The CMMC was developed to systematically assess and certify the maturity of an organization’s cybersecurity processes and procedures. According to the DoD, the streamlined version of CMMC 2.0:
- Cuts red tape for small and medium-sized businesses
- Sets priorities for protecting DoD information
- Reinforces cooperation between the DoD and industry in addressing evolving cyber threats
Evolution of CMMC
The CMMC was originally introduced in 2020 (CMMC 1.0) and was intended to address widespread concerns about the loss of Federal Contract Information (FCI) and Controlled Unclassified Information (CUI) in the Defense Industrial Base. Controlled unclassified information refers to information that is sensitive but not enough to be considered classified; federal contract information is information about a product or service to be provided to the government but is not for public release.

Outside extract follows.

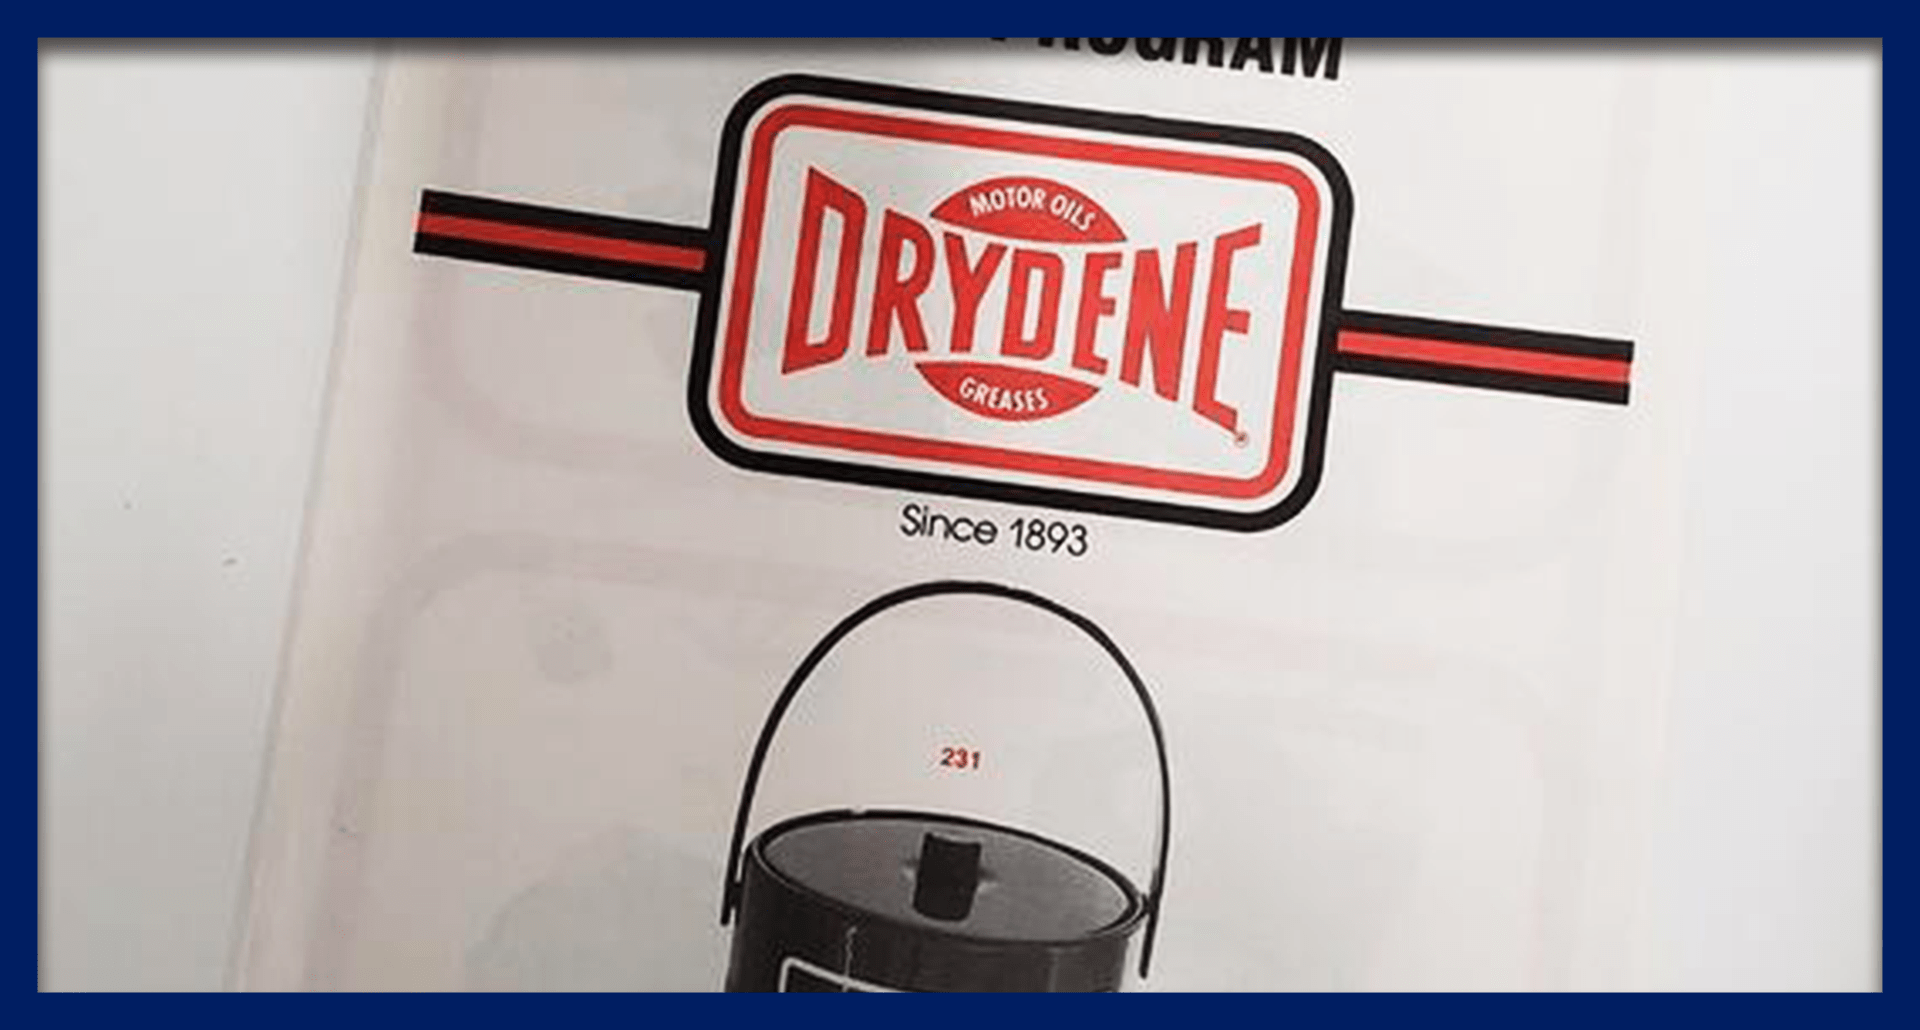 Case Study: Drydene Oil's Program

The CMMC 1.0 built upon DFARS clause 252.204-7012, which required federal contractors to maintain adequate security on all covered contractor information systems and comply with the 110 security requirements outlined in NIST 800-171. The DFARS Clause also required defense contractors to “self-attest” their compliance with this standard as well as to maintain a System Security Plan (SSP) and Plan of Action and Milestones (PoAM) to document security gaps.
The Cybersecurity Maturity Model Certification was developed to address some of the shortcomings of this original approach. It was determined that while the security standard of the National Institute of Standards and Technology Special Publication (NIST SP) 800-171 was appropriate, the DFARS clause lacked accountability. The self-attestation model and broad allowance for non-compliant items, such as PoAMs, meant that many defense contractors did not implement the standard, manage their security program, or remediate non-compliant items.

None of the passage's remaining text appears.